Charles J. Schneider, MD, FACP, discusses the ways in which the management and care of patients with anal carcinoma has changed over the past decade.
Charles J. Schneider, MD, FACP, a clinical professor of Medicine at the Abramson Cancer Center at Perelman Center for Advanced Medicine, discusses the ways in which the management and care of patients with anal carcinoma has changed over the past decade.
According to Schneider, the treatment of patients with early disease anal carcinoma unfortunately has not been majorly modified since the 1980s due to the consistently high cure rates seen with chemotherapy and radiation in these patients.

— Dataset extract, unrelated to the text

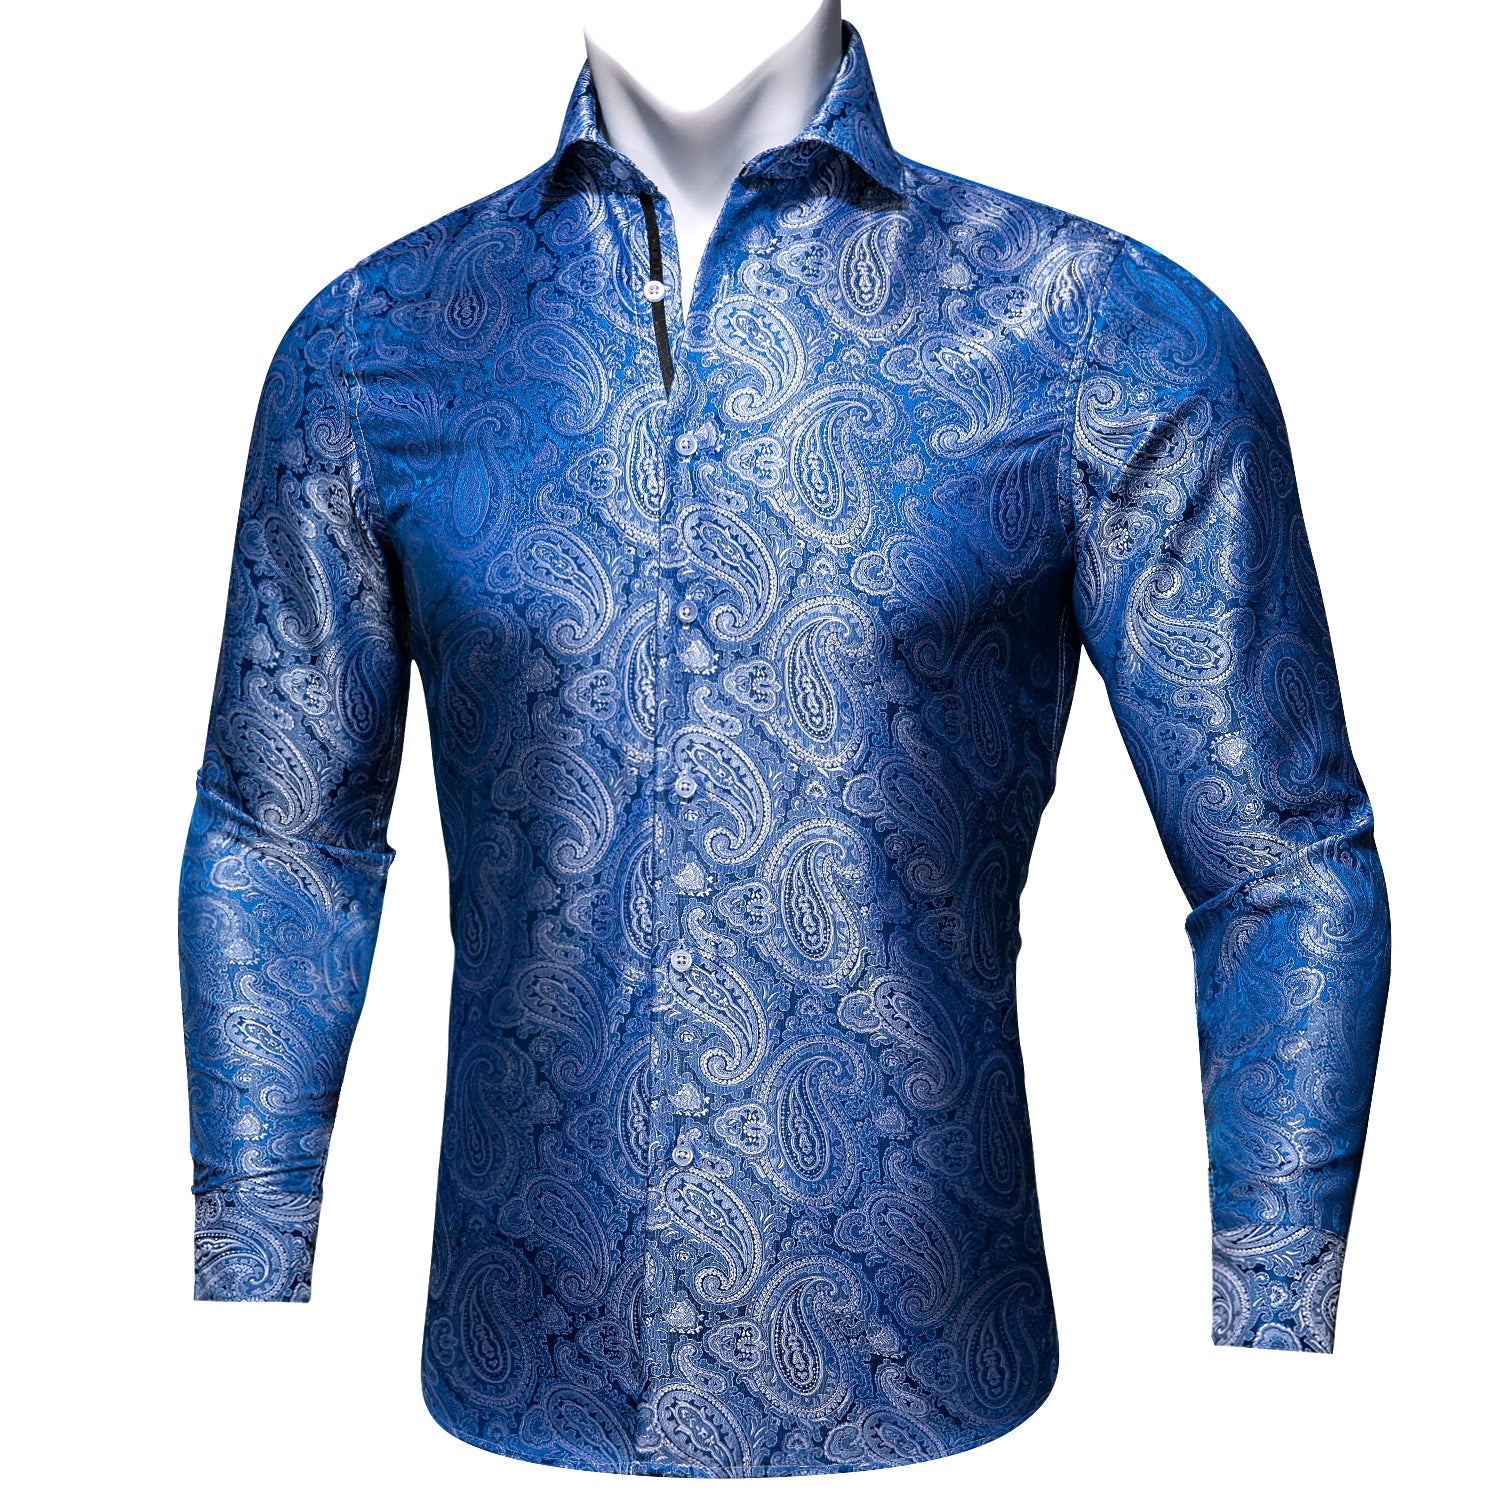 Barry.wang Blue Floral Silk Shirt

Now, immunotherapy and targeted therapies have been brought front and center as treatment options for patients with anal carcinoma as advancements have occurred in the field. Some of these advancements include 2 PD-1 inhibitors, nivolumab (Opdivo), and pembrolizumab (Keytruda). Nivolumab and pembrolizumab have become the standard of care for patients with advanced disease who are resistant to chemotherapy.
Transcription:
0:08 | Our treatment for early disease, and this sounds kind of horrible, but it really has not changed much at all since the 1980s. The reason is because nothing has been found to be better than the chemotherapy and radiation that we use for early-stage disease with very high cure rates. The only thing new really in local disease is 2 things. The first is that more patients are being treated now with an oral chemotherapy drug as a substitute for 1 of the 2 [intravenous] drugs with radiation with comparable cure rates. Then the second is that we are investigating immunotherapy as a component of treatment for localized disease as well, for advanced disease.
1:00 | Immunotherapy and targeted therapy has come to the forefront. You know, especially with the PD-1 inhibitors of a drug called nivolumab and a drug called pembrolizumab, which have become our standard of care for patients who were resistant to chemotherapy in advanced disease.